===== Supplied material
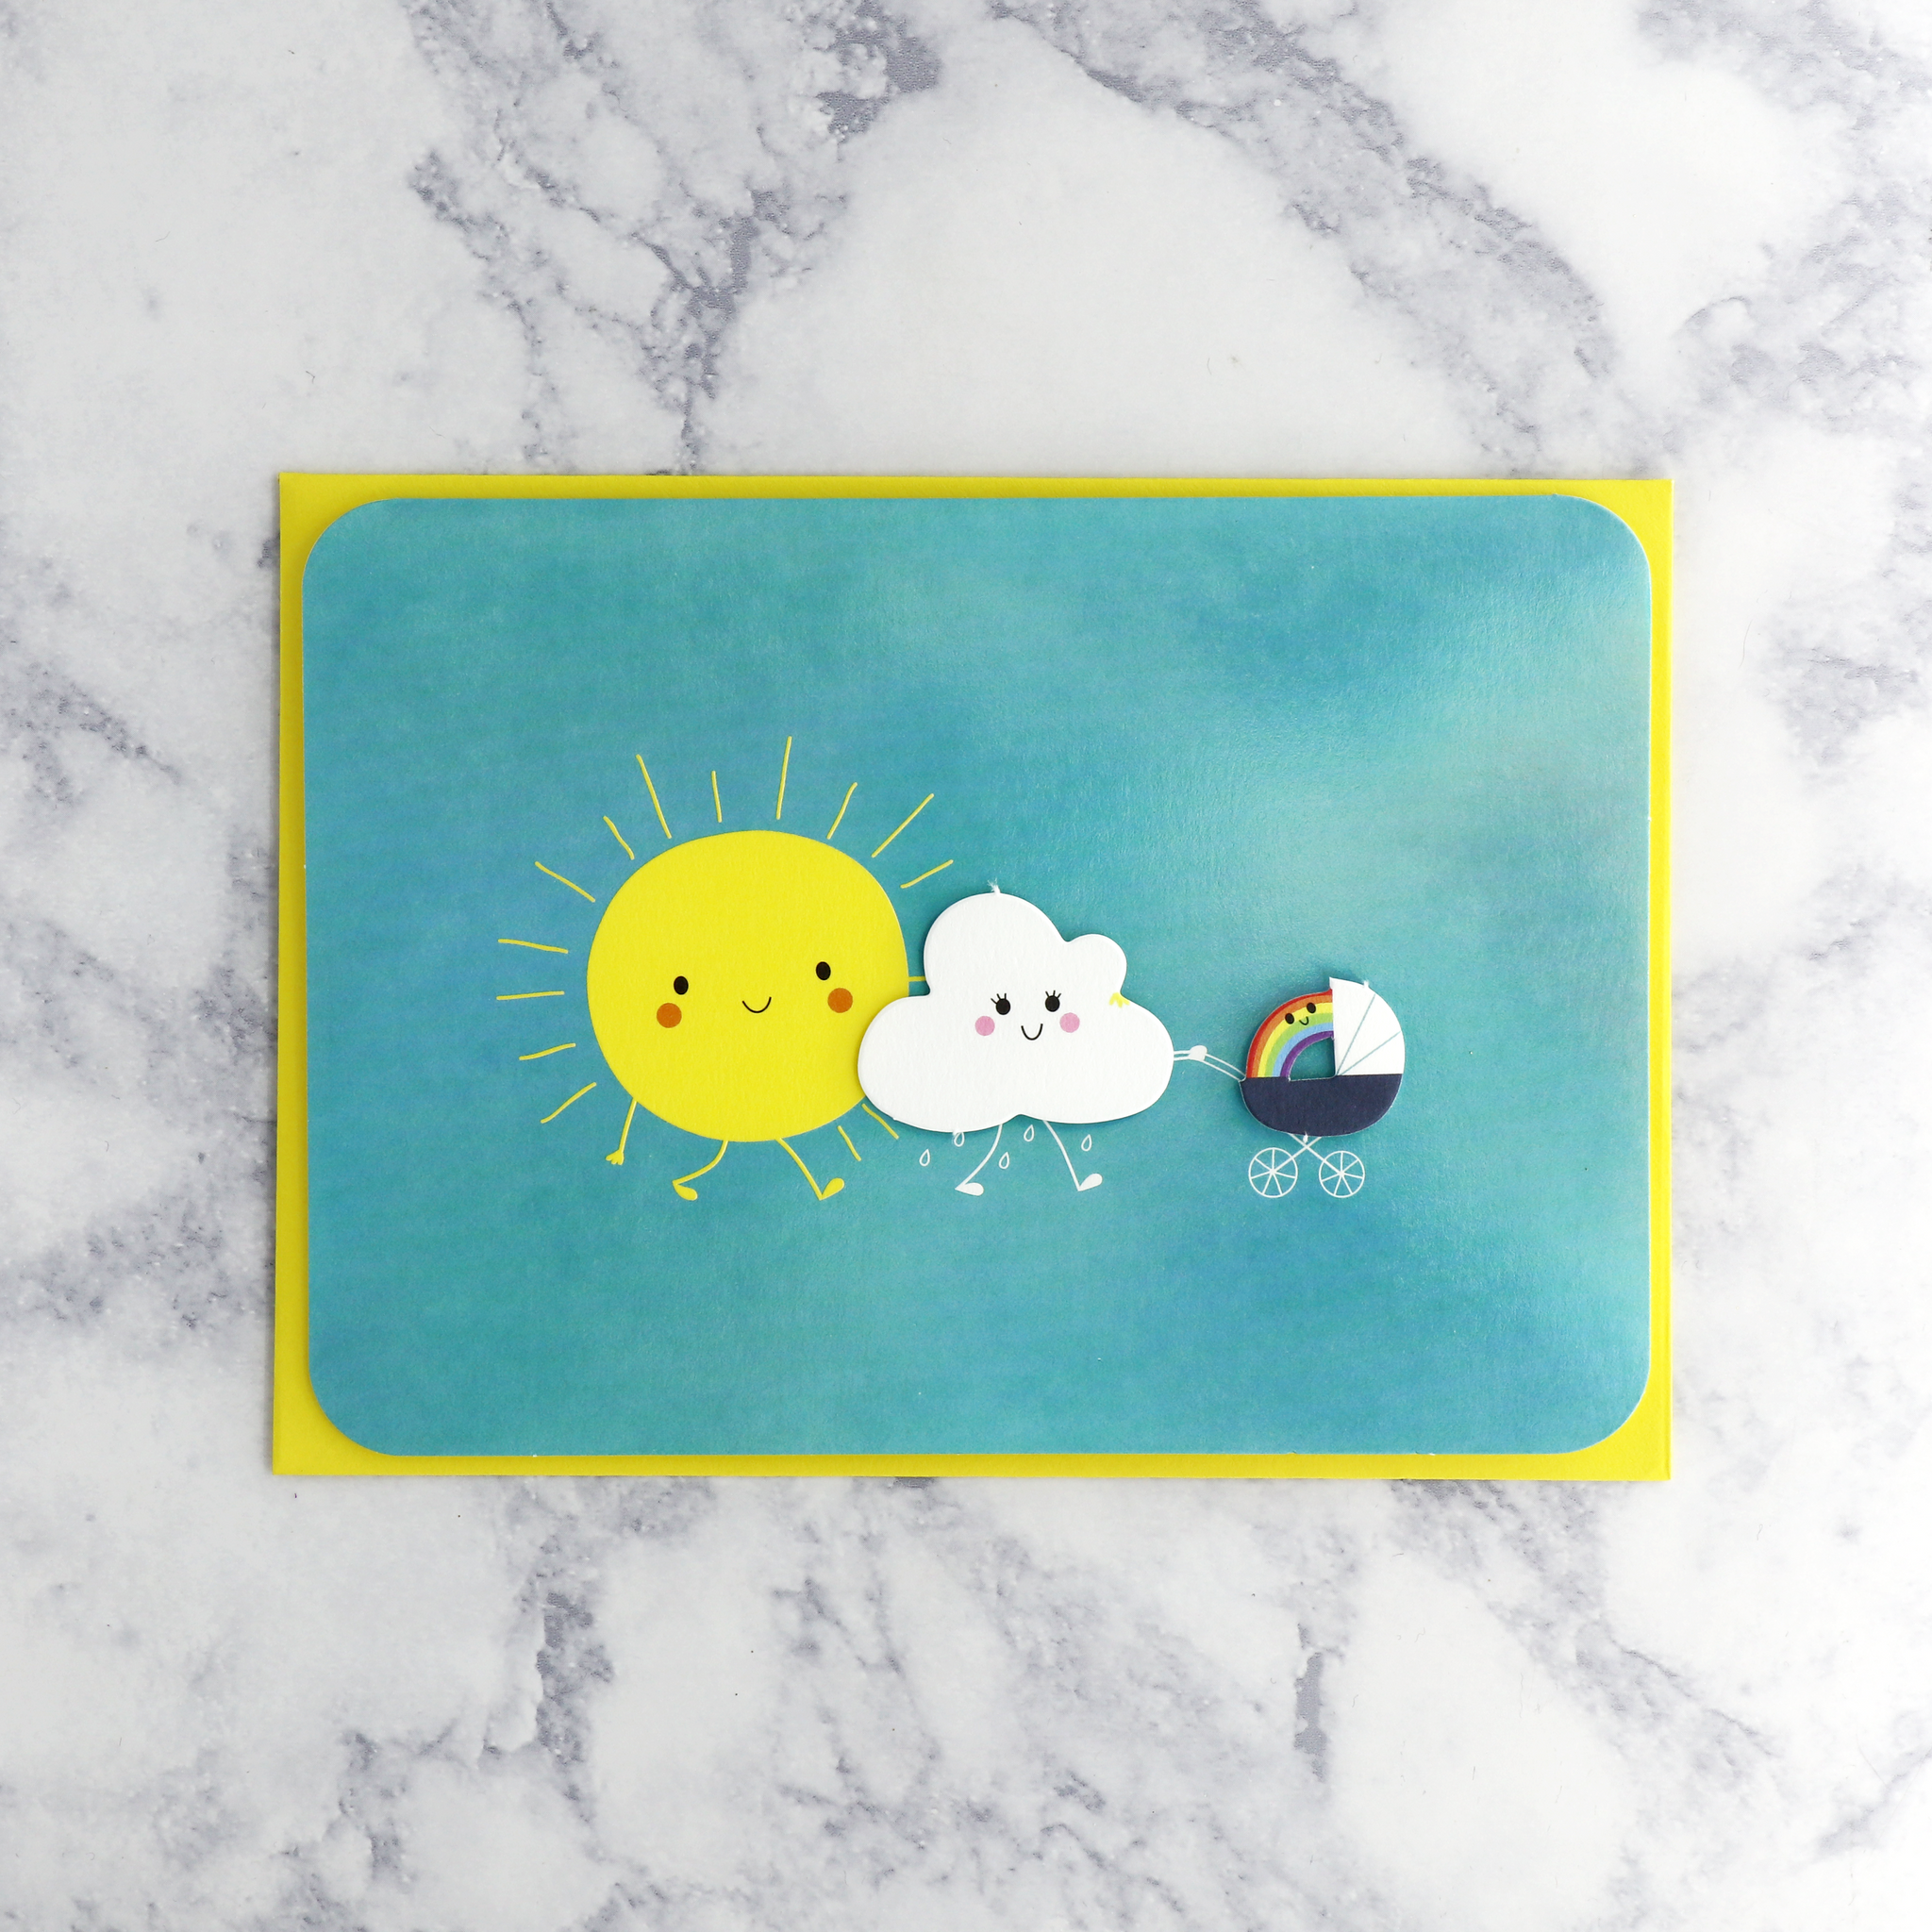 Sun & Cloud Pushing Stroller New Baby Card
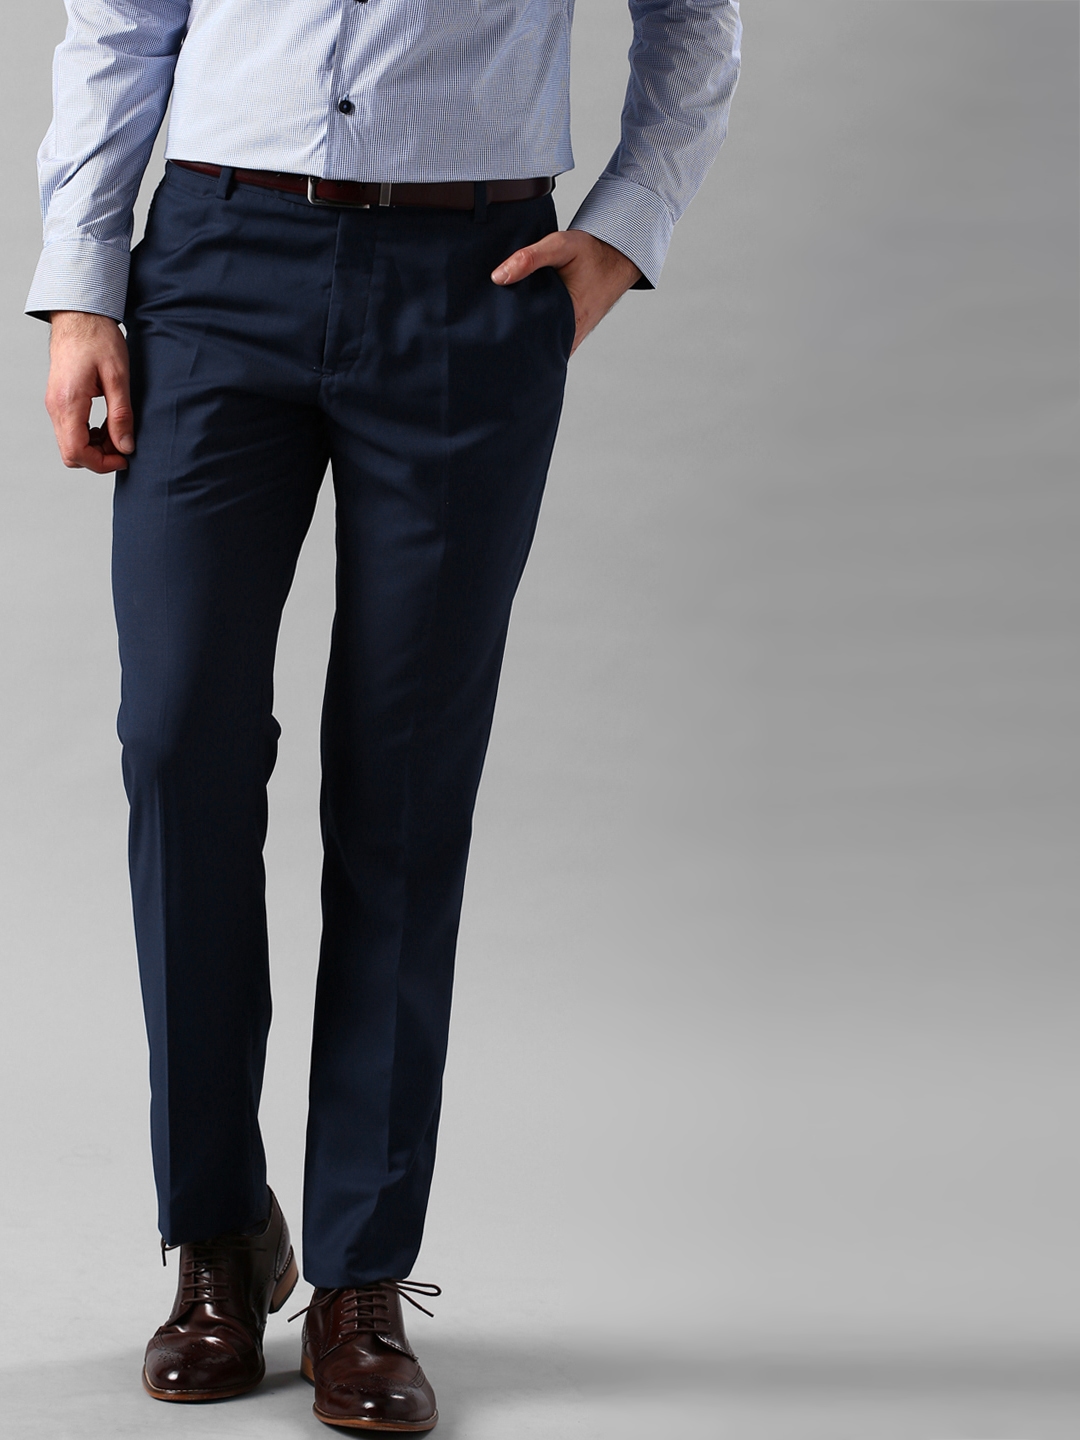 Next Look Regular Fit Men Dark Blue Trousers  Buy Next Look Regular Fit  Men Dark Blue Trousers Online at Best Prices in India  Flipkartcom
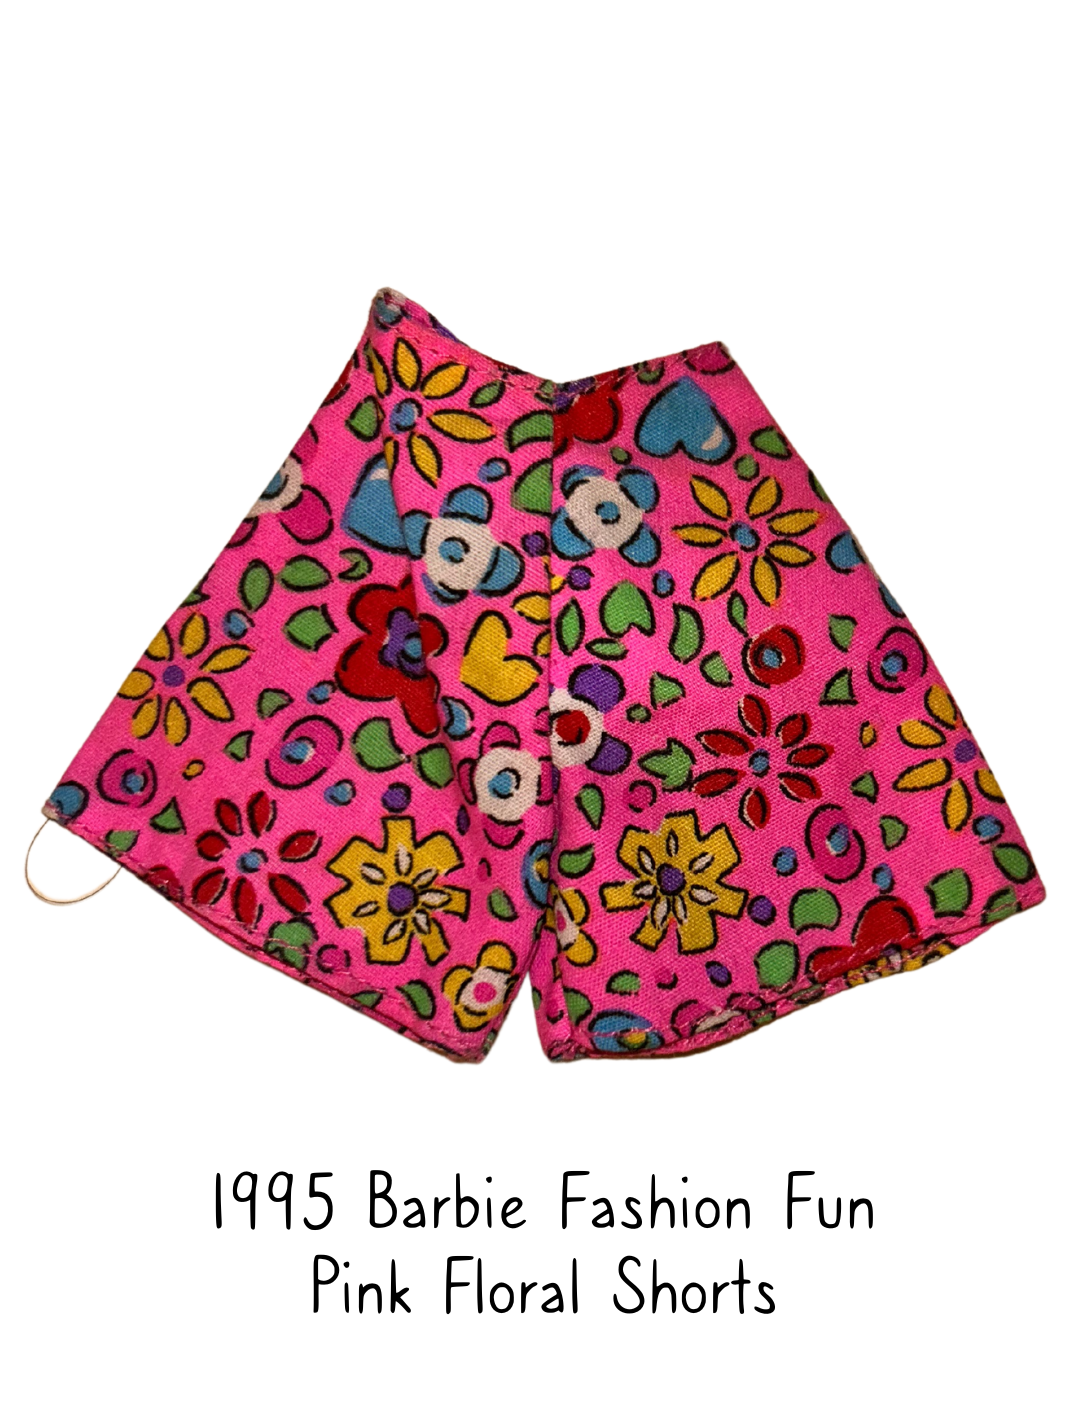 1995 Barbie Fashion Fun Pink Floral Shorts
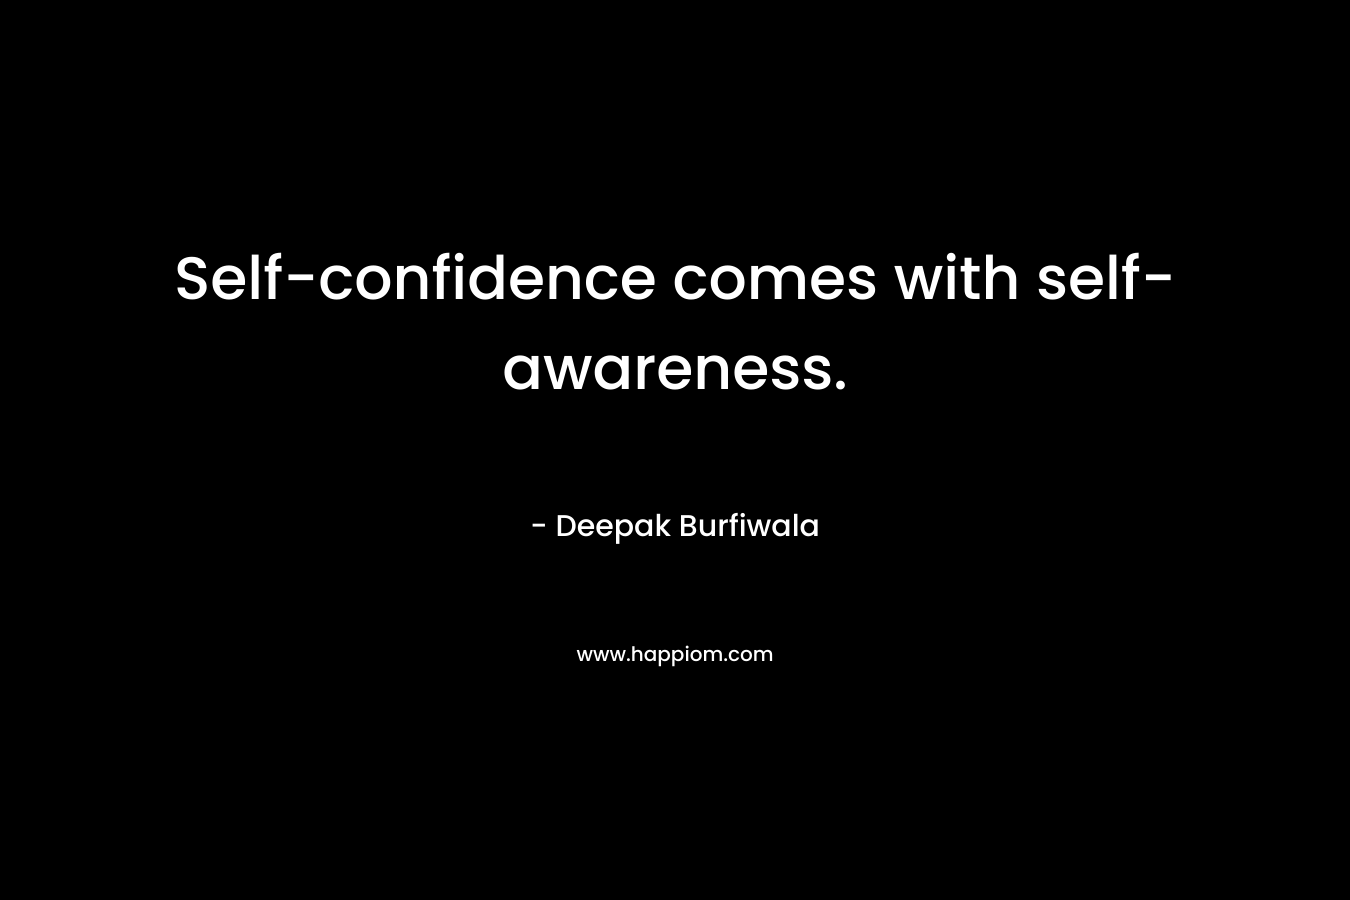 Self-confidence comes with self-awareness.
==========
Exercise requirements: Only the lines from the one containing "Next Look Regular Fit Men" through the final line of the data are to be written out, exactly as they stand and without pictures.

Written solution:
 Next Look Regular Fit Men Dark Blue Trousers  Buy Next Look Regular Fit  Men Dark Blue Trousers Online at Best Prices in India  Flipkartcom
 1995 Barbie Fashion Fun Pink Floral Shorts
 Self-confidence comes with self-awareness.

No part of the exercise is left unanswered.